Your task is to copy the listing exactly, with the pictures left out.

═════ Supplied information ═════

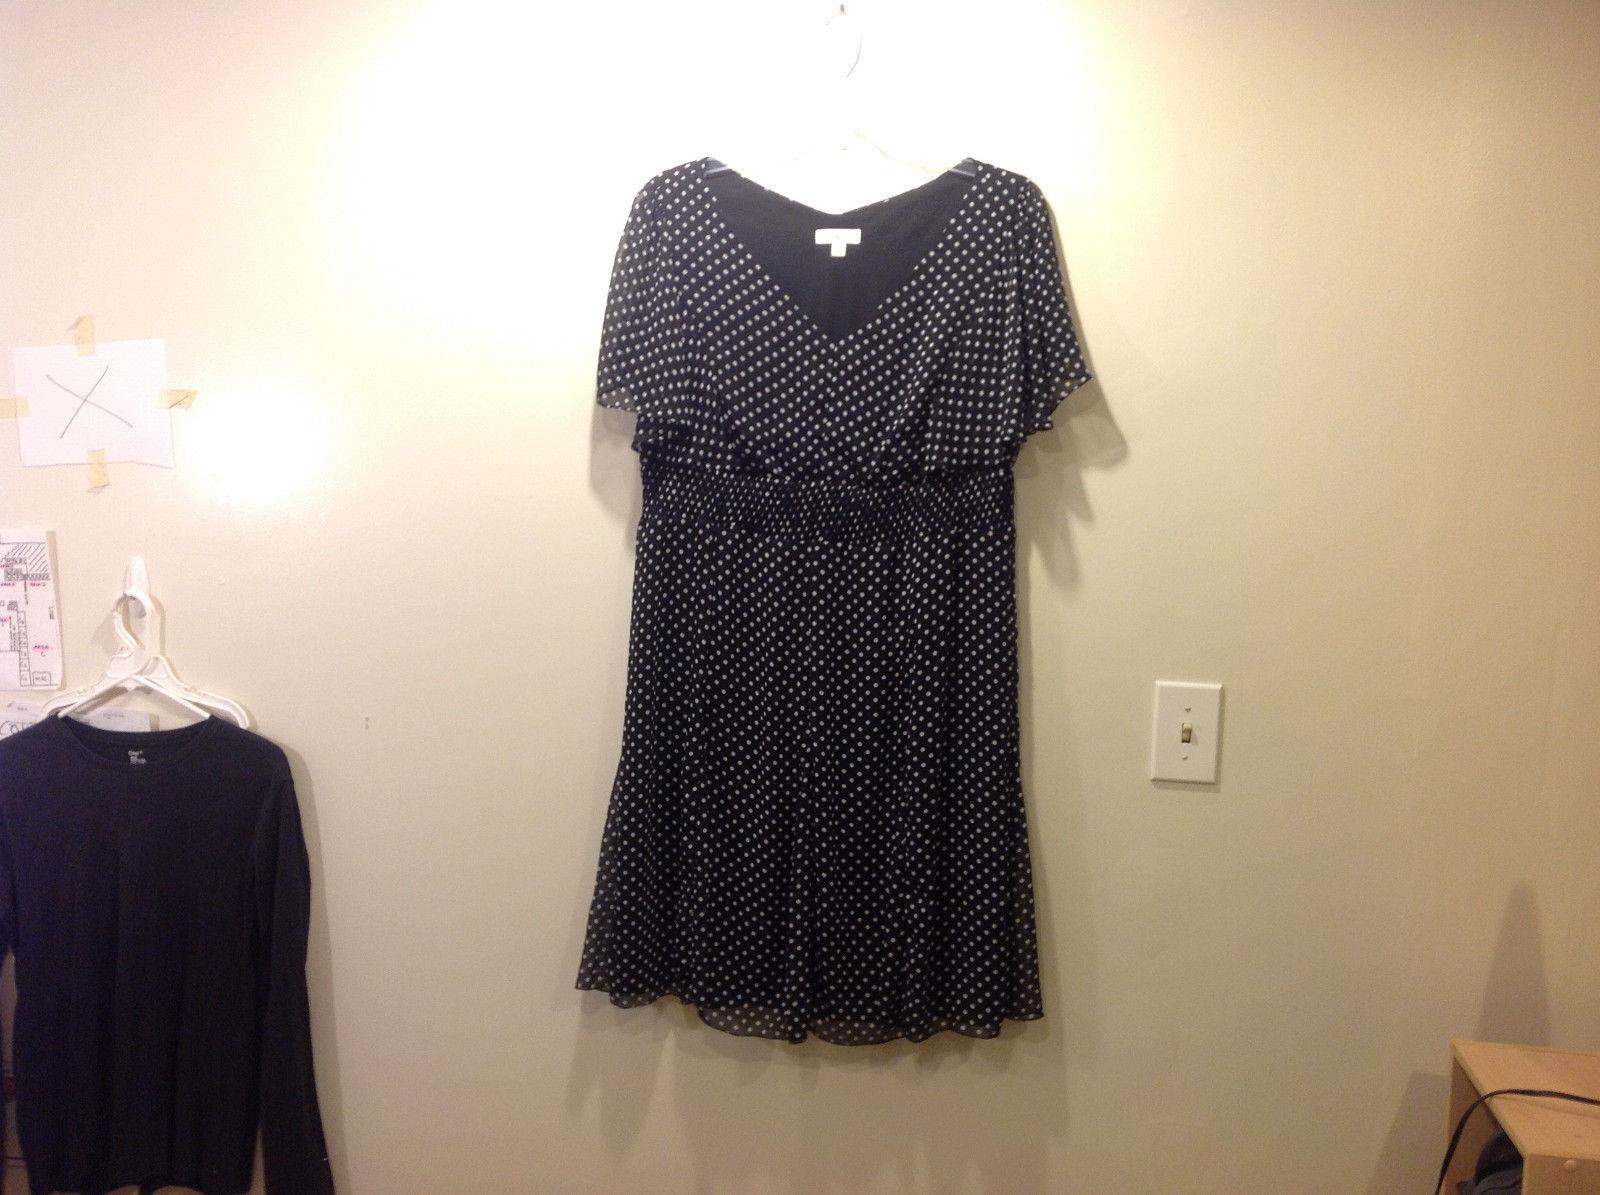 Dressbarn black dress with white polka dots
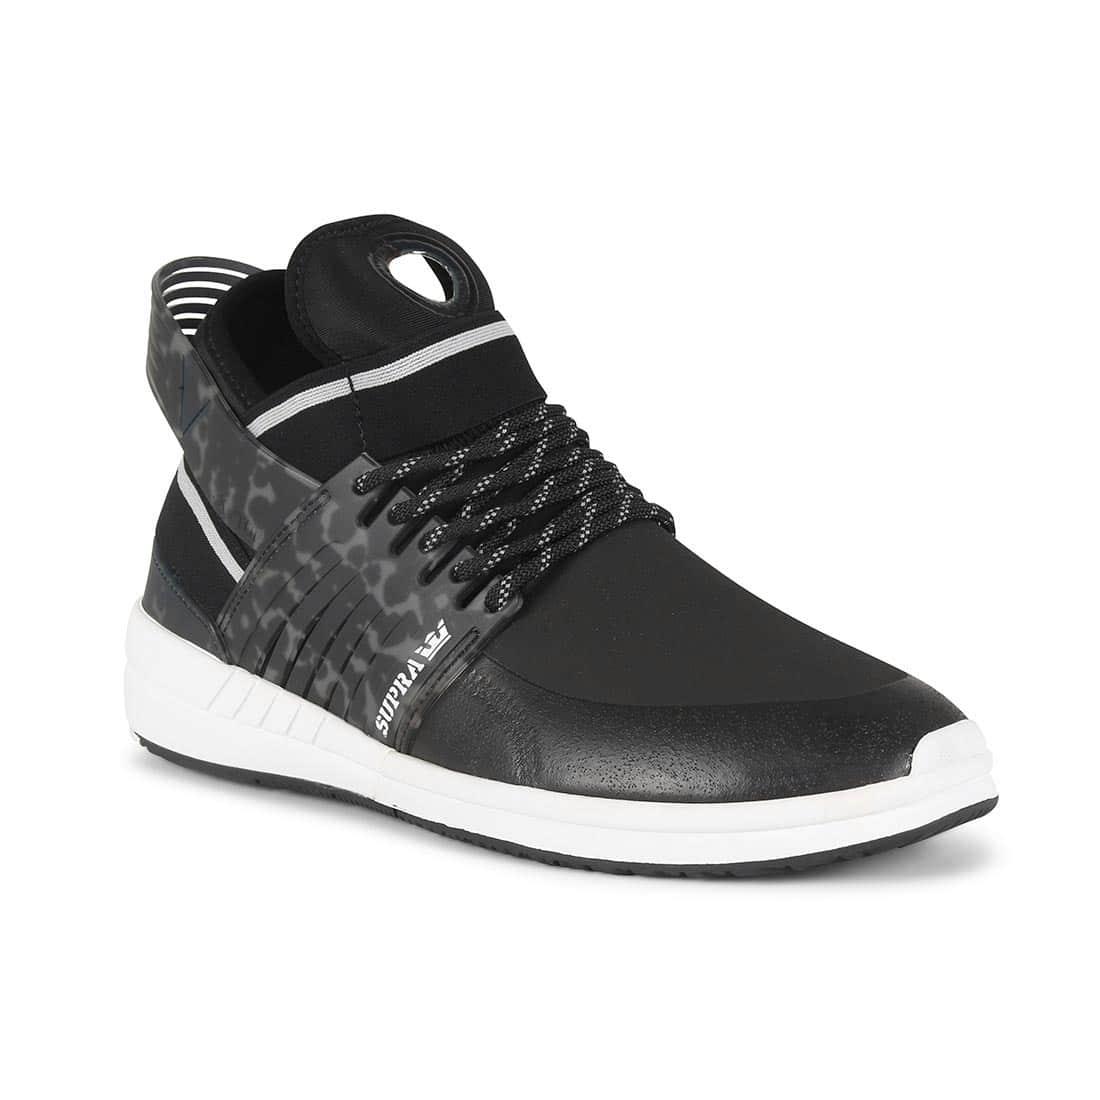 Supra Skytop V Shoes - Black / White
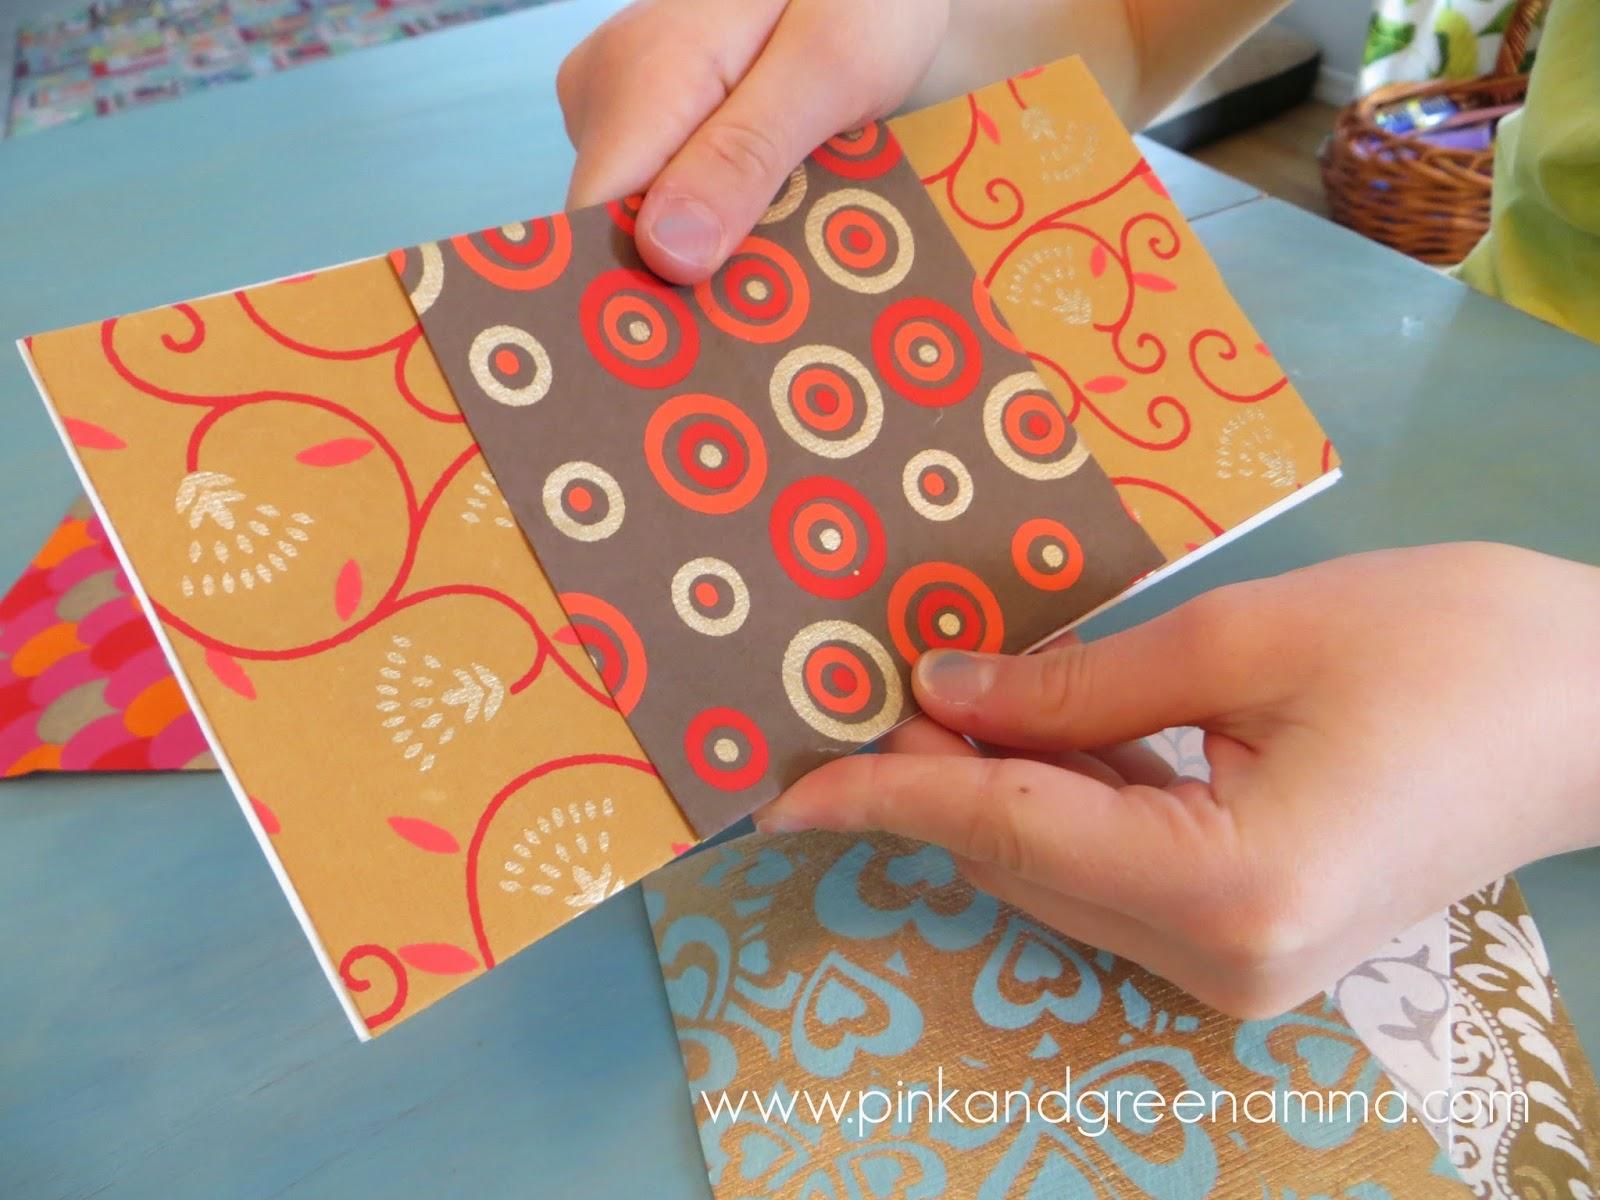 Craft kits for 3 year olds - Craft Kits For 8 Year Olds Girls Arts And Crafts Arts And Craft Kit Girls

═════

• Response below:
 Dressbarn black dress with white polka dots
 Supra Skytop V Shoes - Black / White
 Craft kits for 3 year olds - Craft Kits For 8 Year Olds Girls Arts And Crafts Arts And Craft Kit Girls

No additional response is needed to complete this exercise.